Il convient d’ajouter que si, dans la plupart des endroits, Newroz s’est déroulé sans violence, plusieurs incidents ont cependant eu lieu dans le pays, comme dans les villes kurdes de Van et de Batman, où des personnes étaient sorties du périmètre réservé à la célébration ; la répression de la police a donné lieu à des affrontements. Des membres du HDP ont également été agressés au couteau à Izmir, alors qu’ils se rendaient à la fête.
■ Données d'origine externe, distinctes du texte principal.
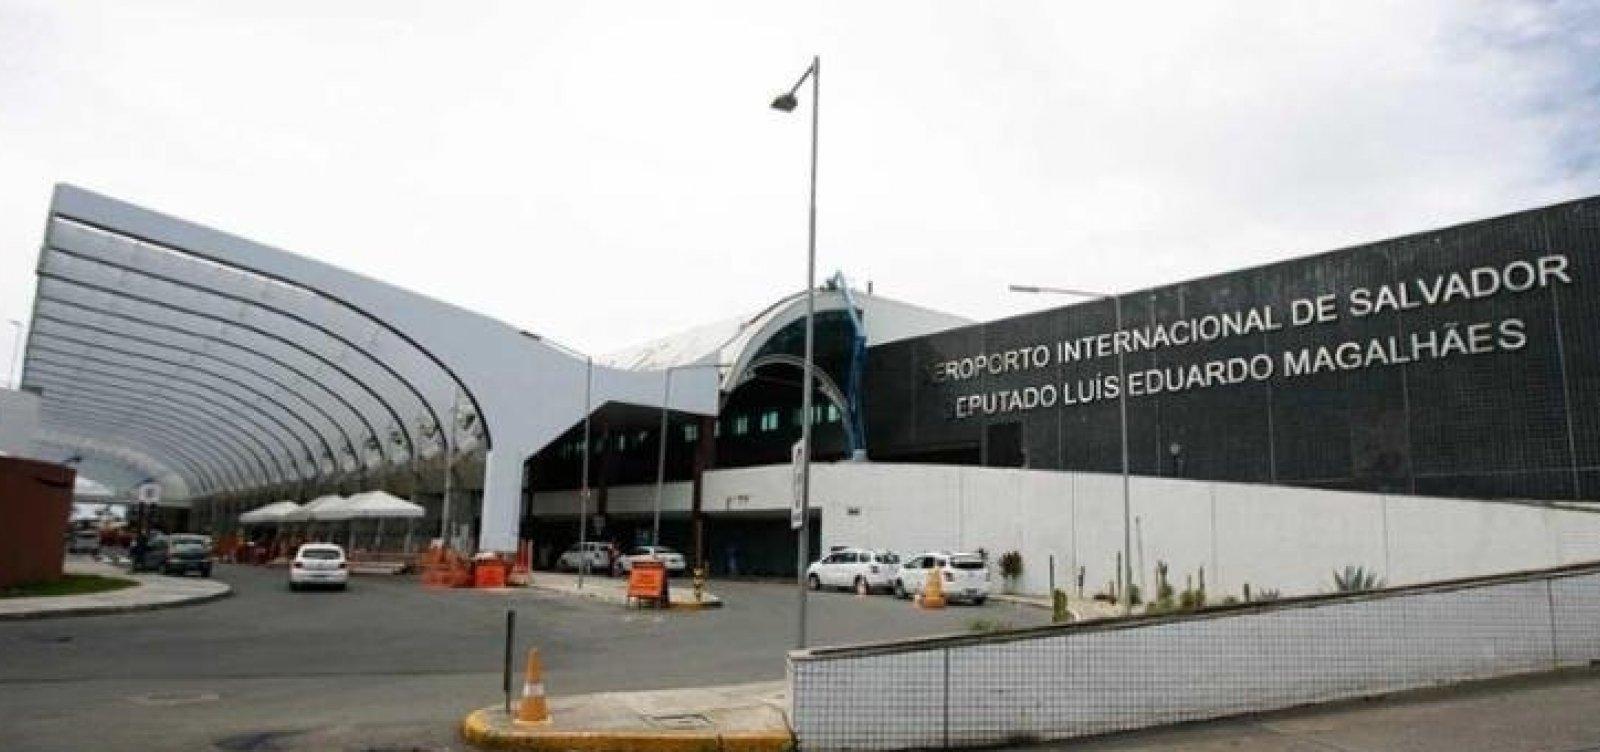 [Nova loja duty free do Aeroporto de Salvador abre no início do ano que vem]

Par ailleurs, dans un certain nombre d’universités, de jeunes nationalistes turcs ont attaqué les personnes qui participaient à Newroz, les étudiants se sont battus à coups de bâtons et de couteau, et certains ont dû être hospitalisés en raison de leurs blessures. Les universités turques concentrent de manière exacerbée les tensions présentes dans la société : il arrive qu’elles soient le théâtre d’affrontements de ce genre, soit entre étudiants politisés, soit entre les étudiants et la police. En février, un étudiant est mort lors de l’une de ces rixes à Izmir.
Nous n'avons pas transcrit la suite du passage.